> _Required action_: For this exercise, an exact copy is needed of only the lines from the one containing "De jolies chaises" through the end of the data, with pictures left out.

> _Dataset excerpt_:
_ _ _ _
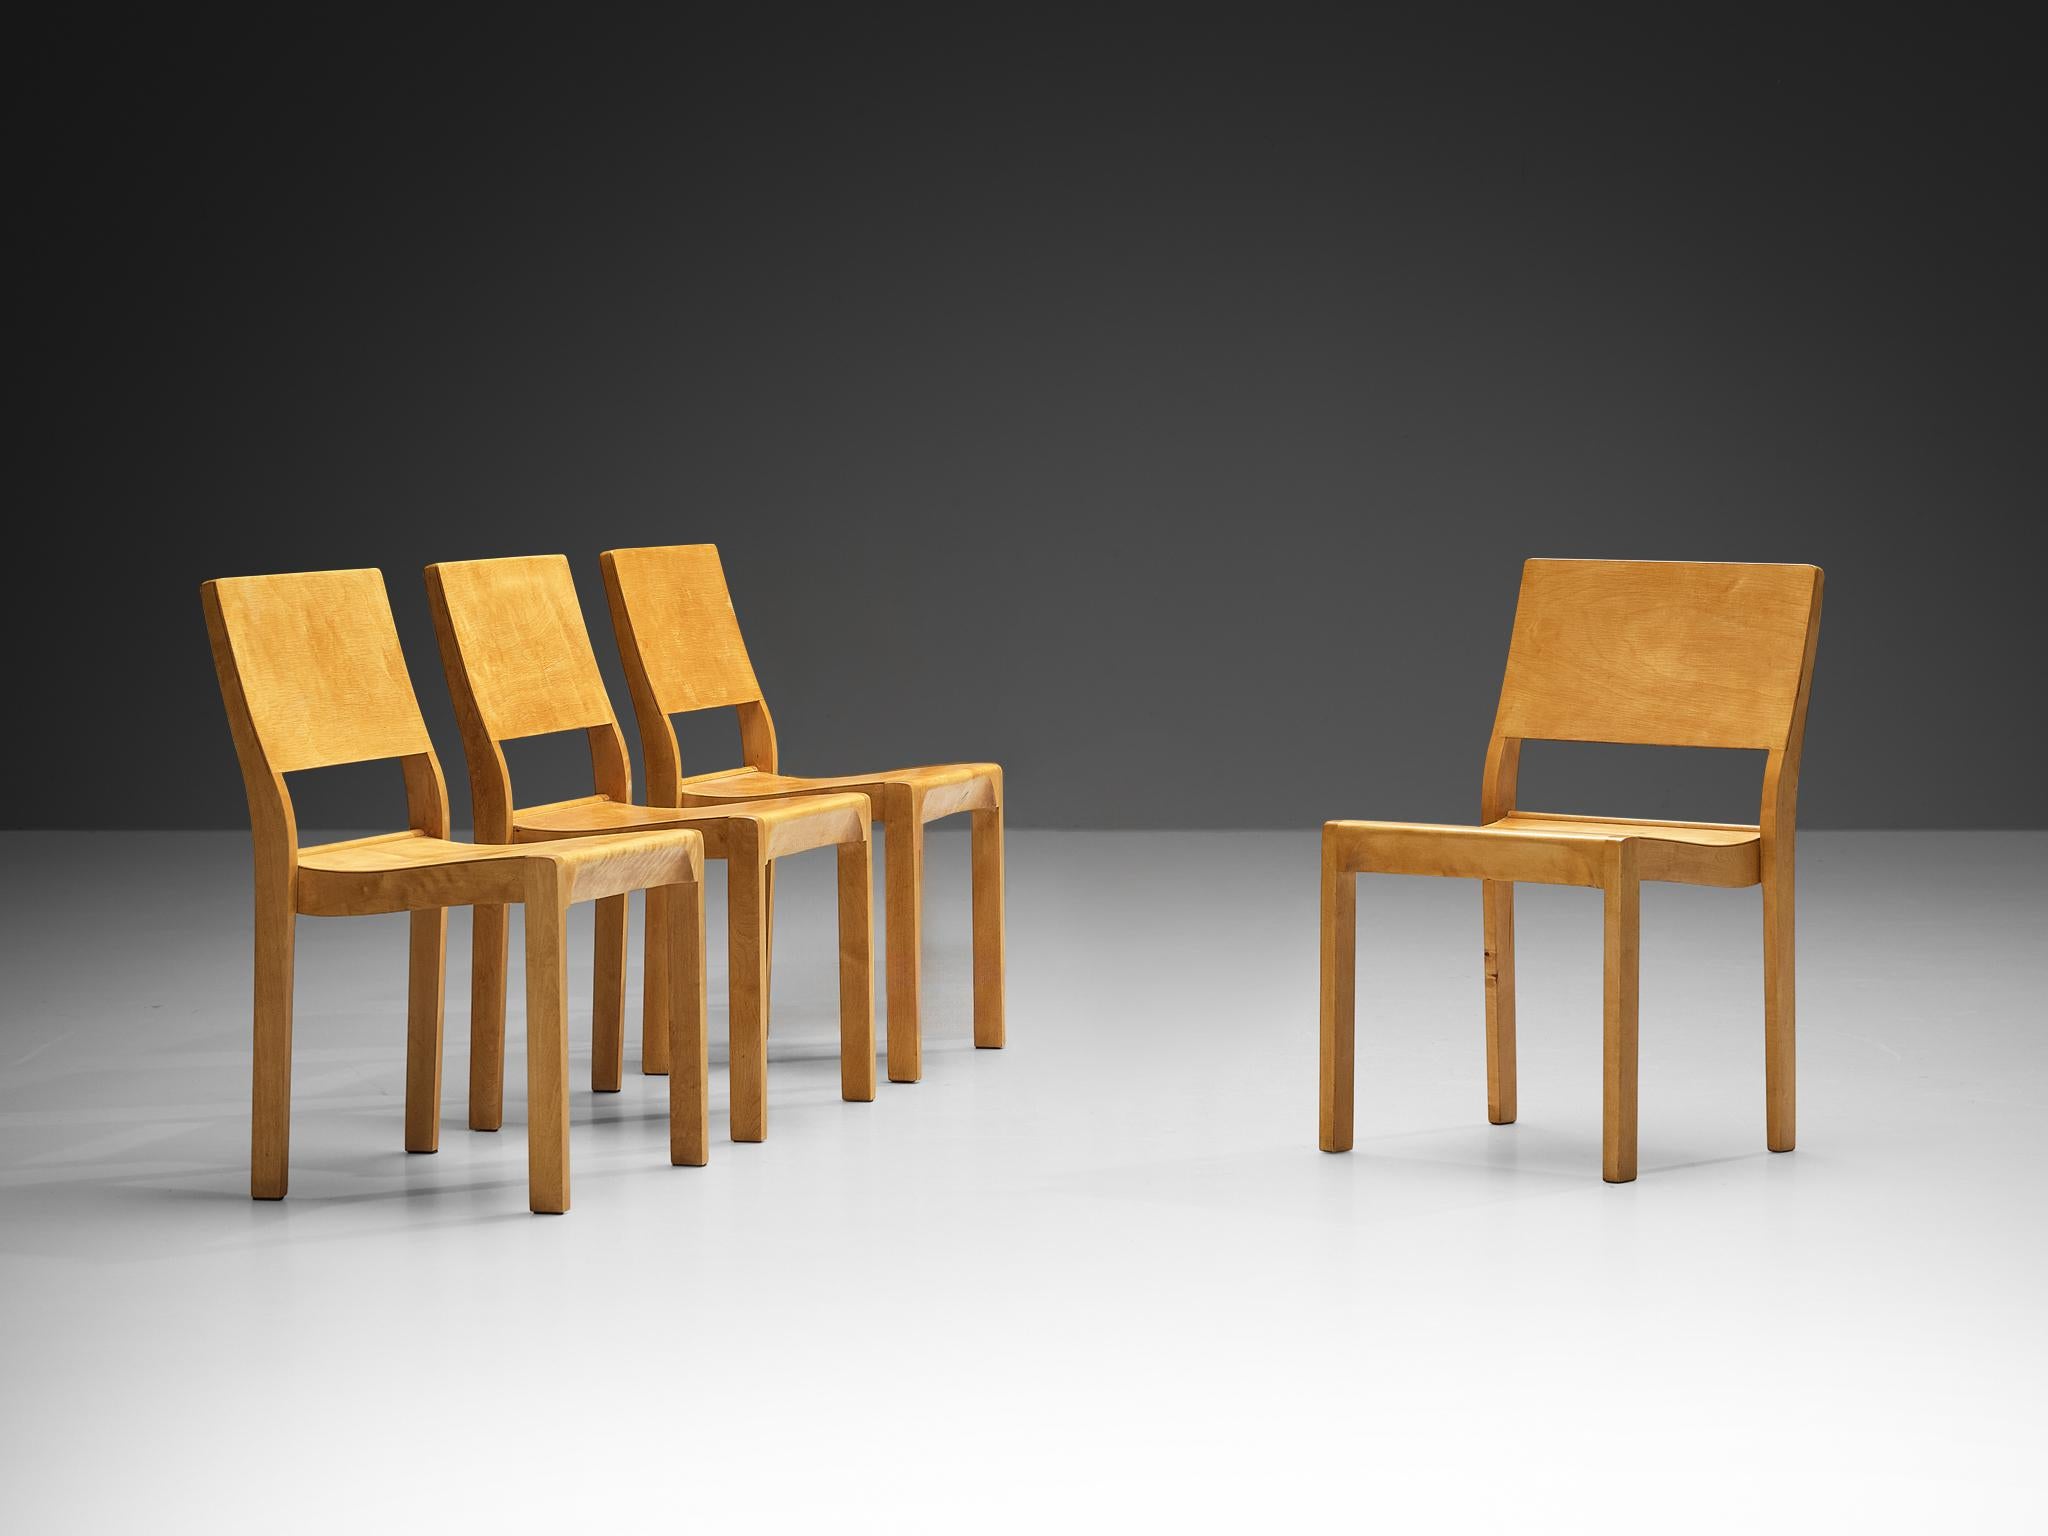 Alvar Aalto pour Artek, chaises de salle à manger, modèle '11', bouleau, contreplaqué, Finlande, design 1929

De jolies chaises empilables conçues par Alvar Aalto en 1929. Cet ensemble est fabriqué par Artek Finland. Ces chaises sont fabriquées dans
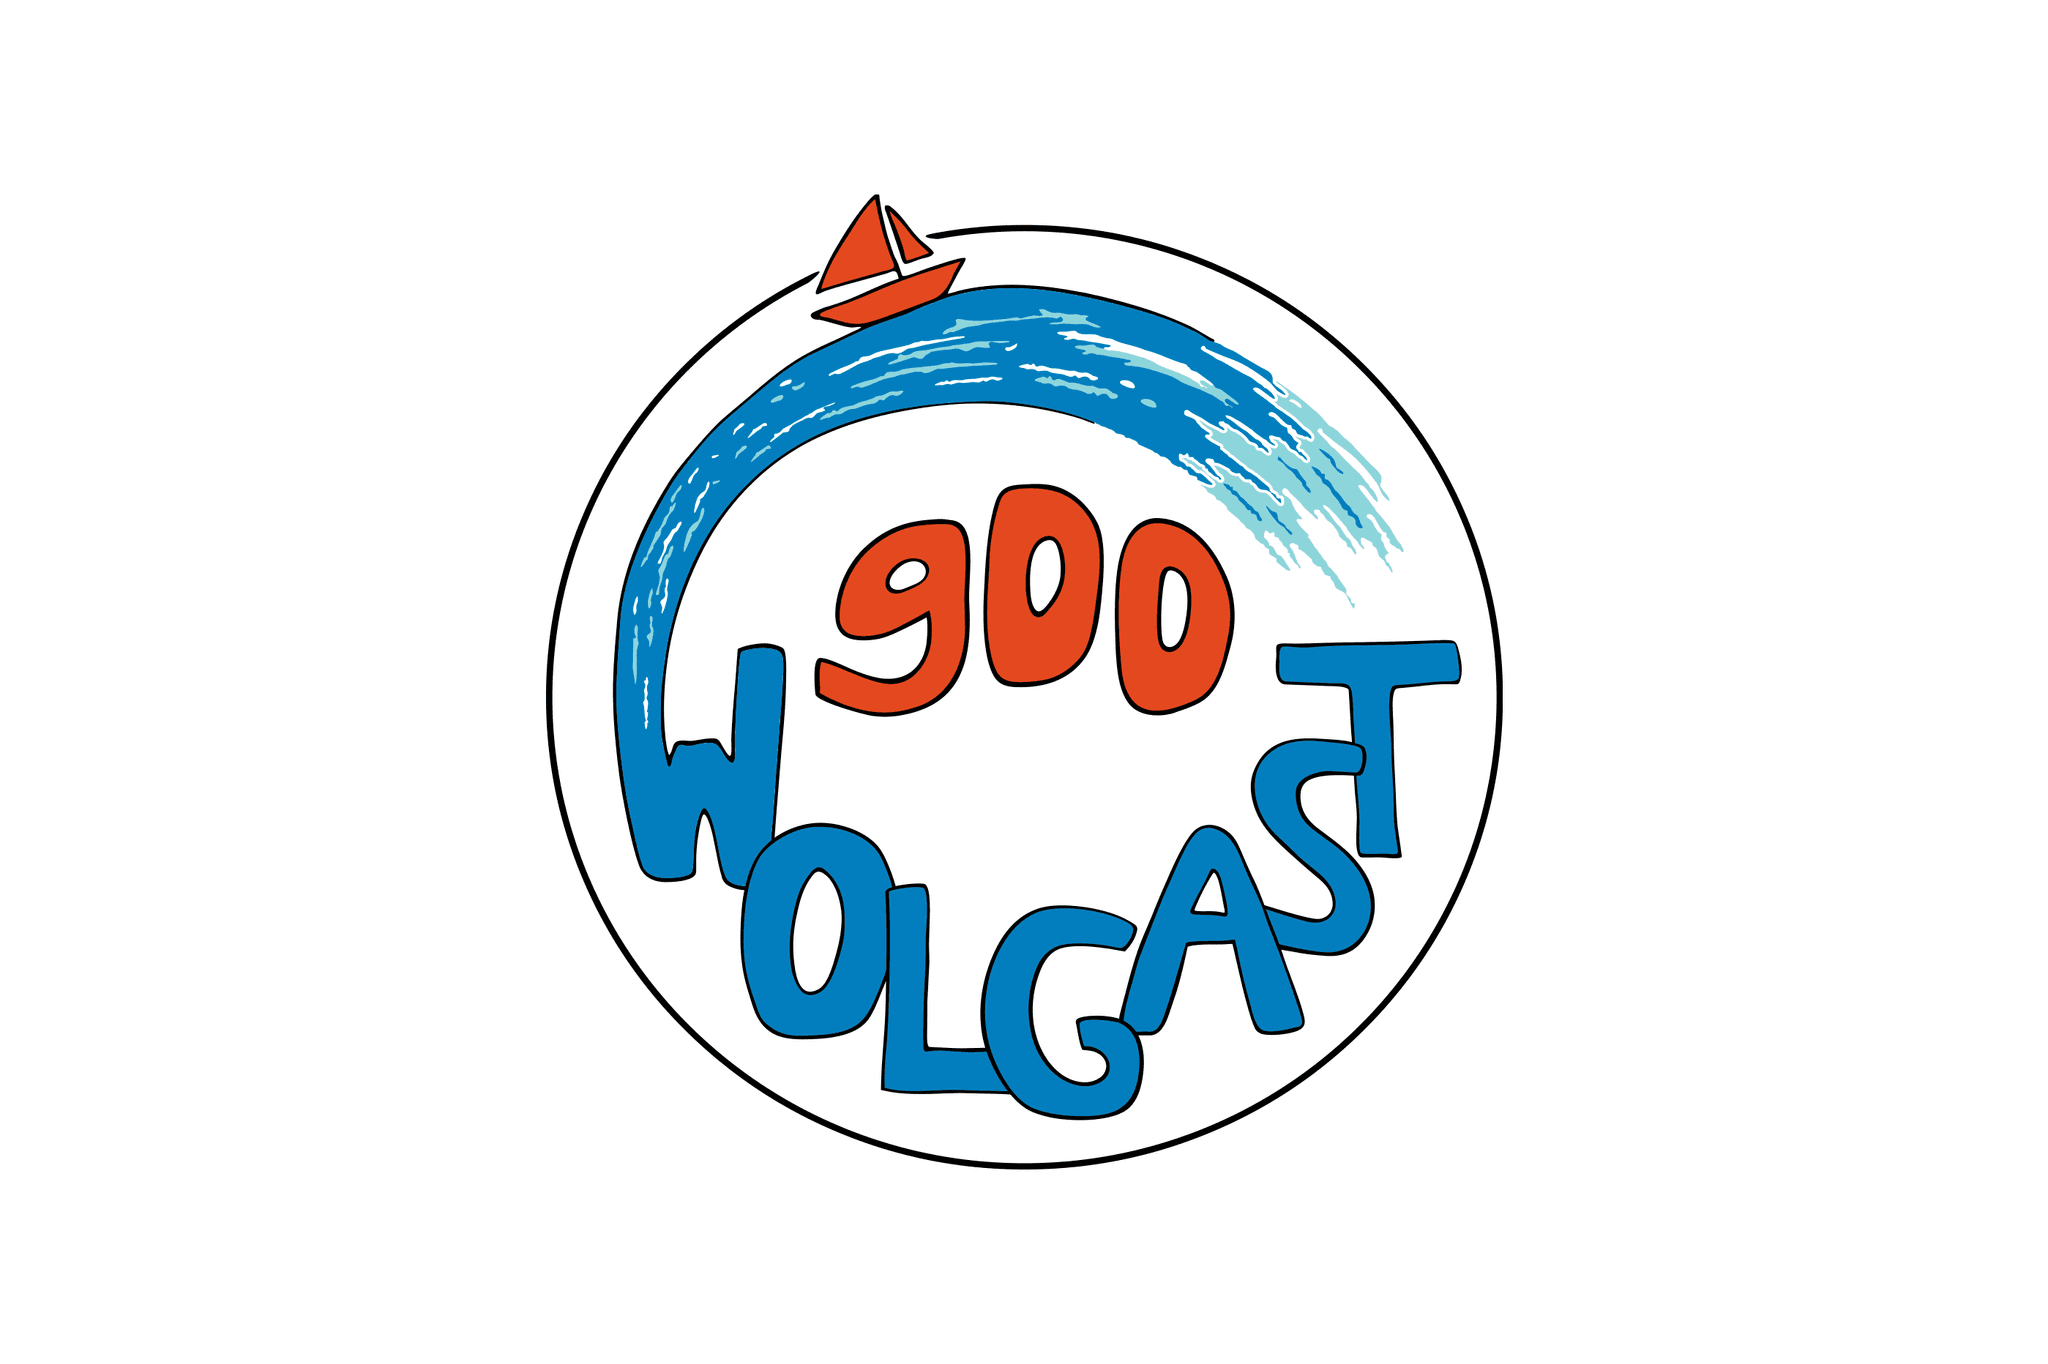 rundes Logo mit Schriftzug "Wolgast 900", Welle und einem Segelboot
_ _ _ _
> _Task response_:
De jolies chaises empilables conçues par Alvar Aalto en 1929. Cet ensemble est fabriqué par Artek Finland. Ces chaises sont fabriquées dans
 rundes Logo mit Schriftzug "Wolgast 900", Welle und einem Segelboot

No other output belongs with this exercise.